* **WHAT YOU HAVE TO DO**
Keep the pictures out, and restate the listing that follows exactly as written.

::: SOURCE MATERIAL :::

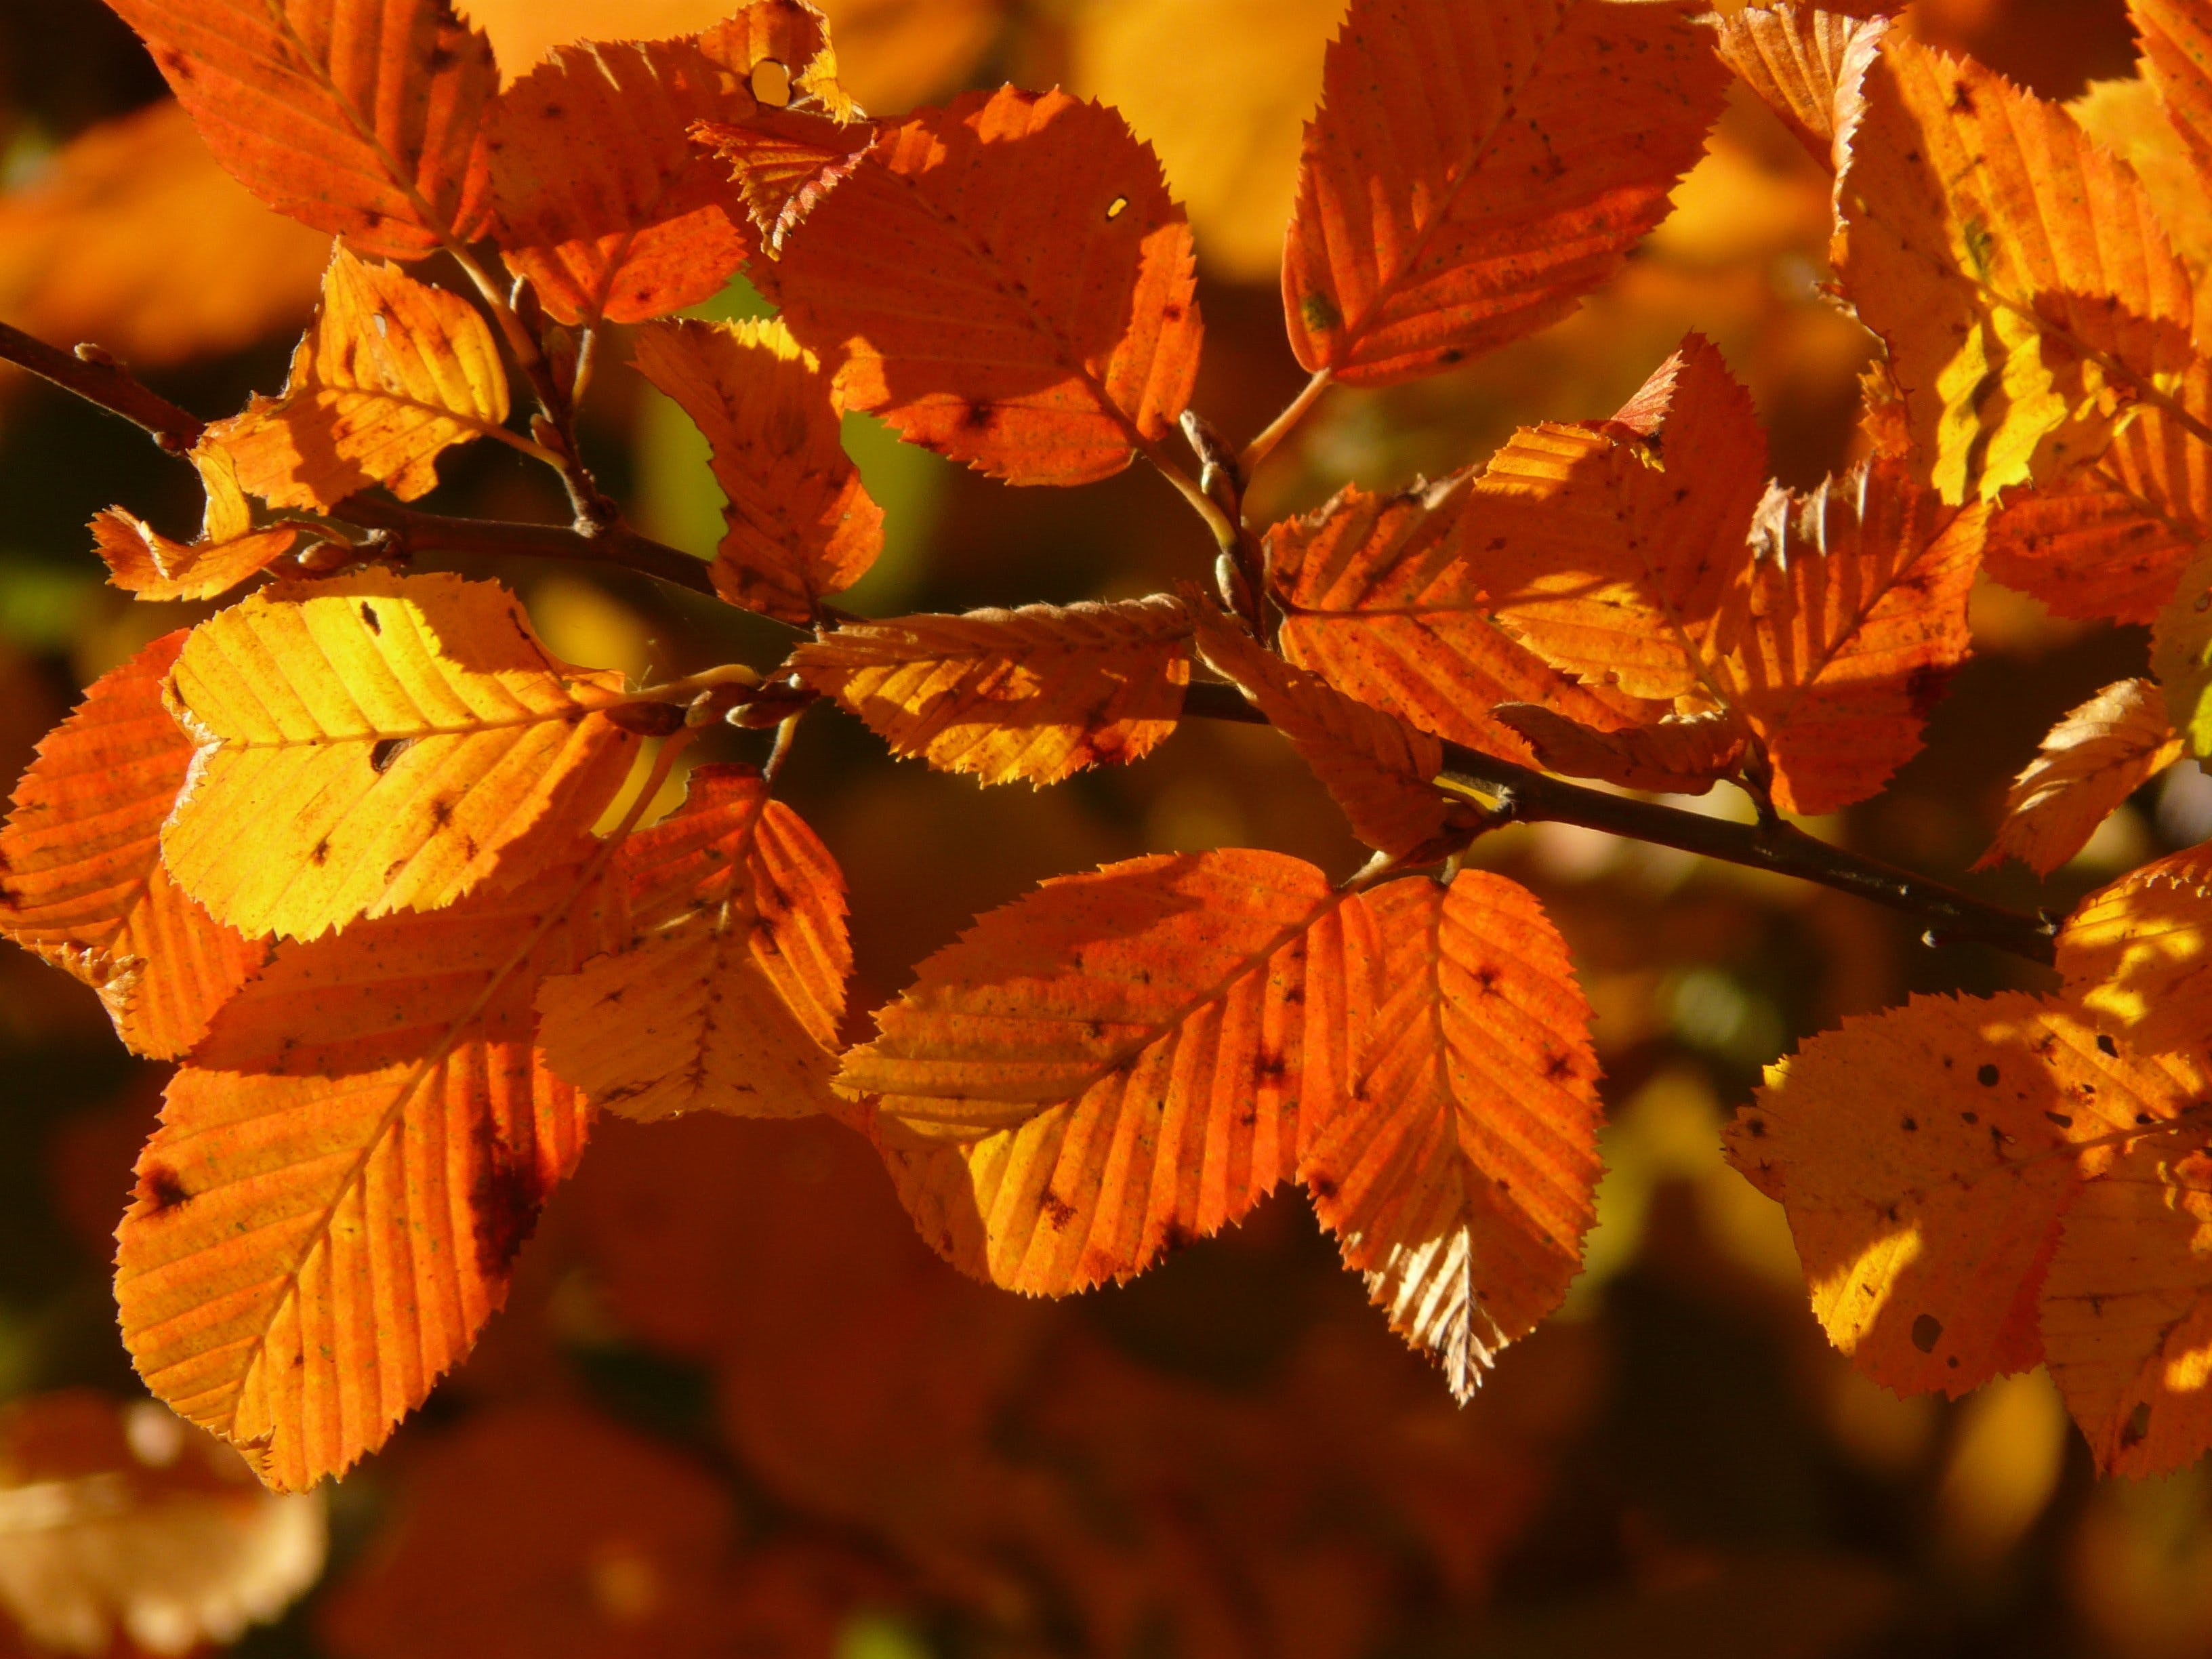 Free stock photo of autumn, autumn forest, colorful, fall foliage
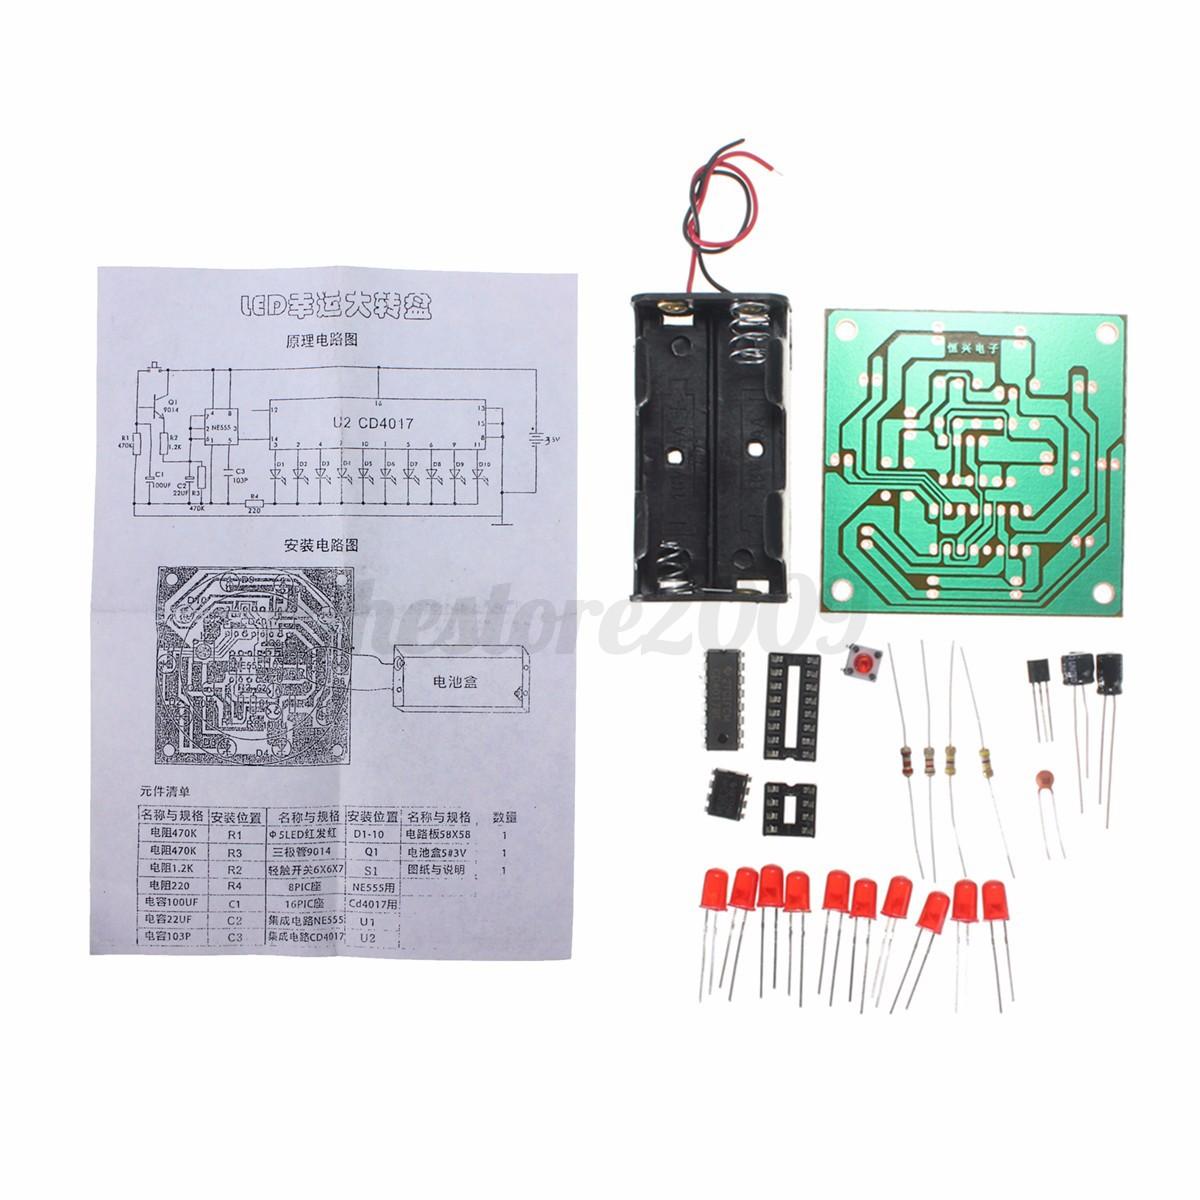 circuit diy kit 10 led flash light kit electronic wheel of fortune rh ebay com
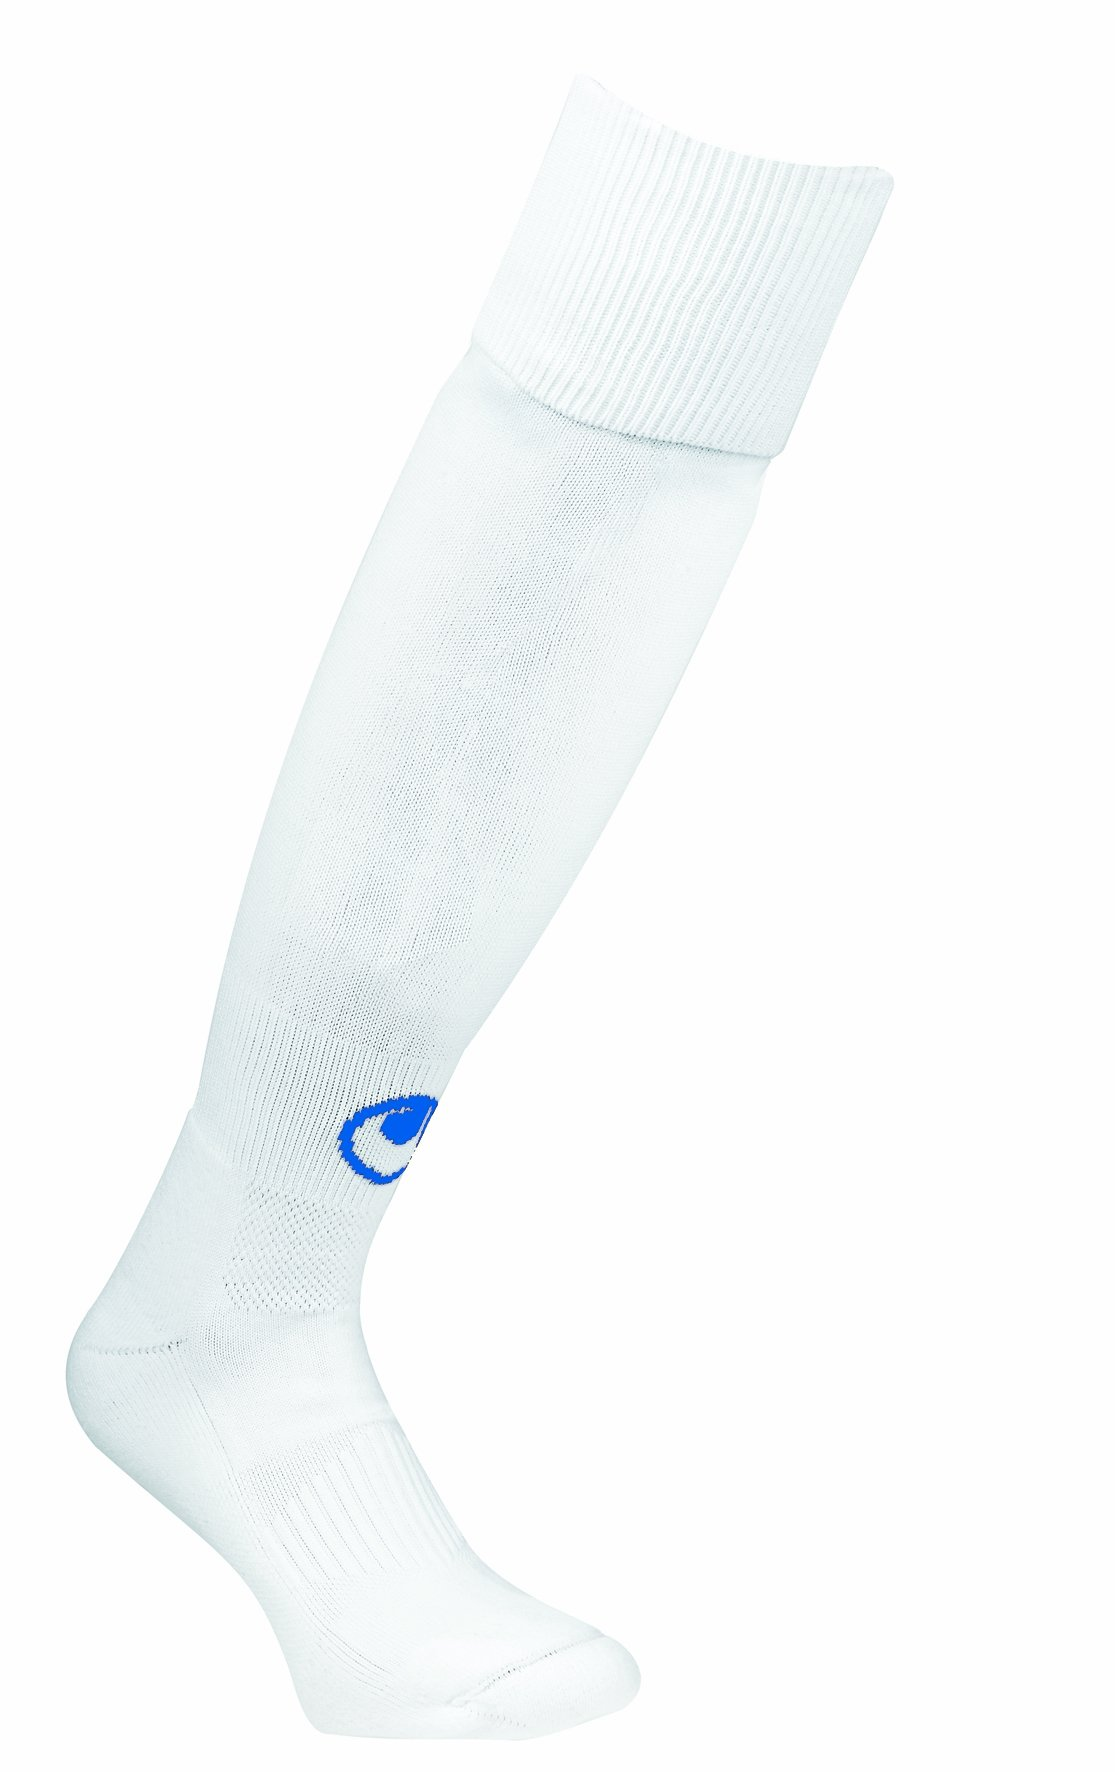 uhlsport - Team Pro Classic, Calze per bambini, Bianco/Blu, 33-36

:::

* **YOUR RESPONSE**
 Free stock photo of autumn, autumn forest, colorful, fall foliage
 circuit diy kit 10 led flash light kit electronic wheel of fortune rh ebay com
 uhlsport - Team Pro Classic, Calze per bambini, Bianco/Blu, 33-36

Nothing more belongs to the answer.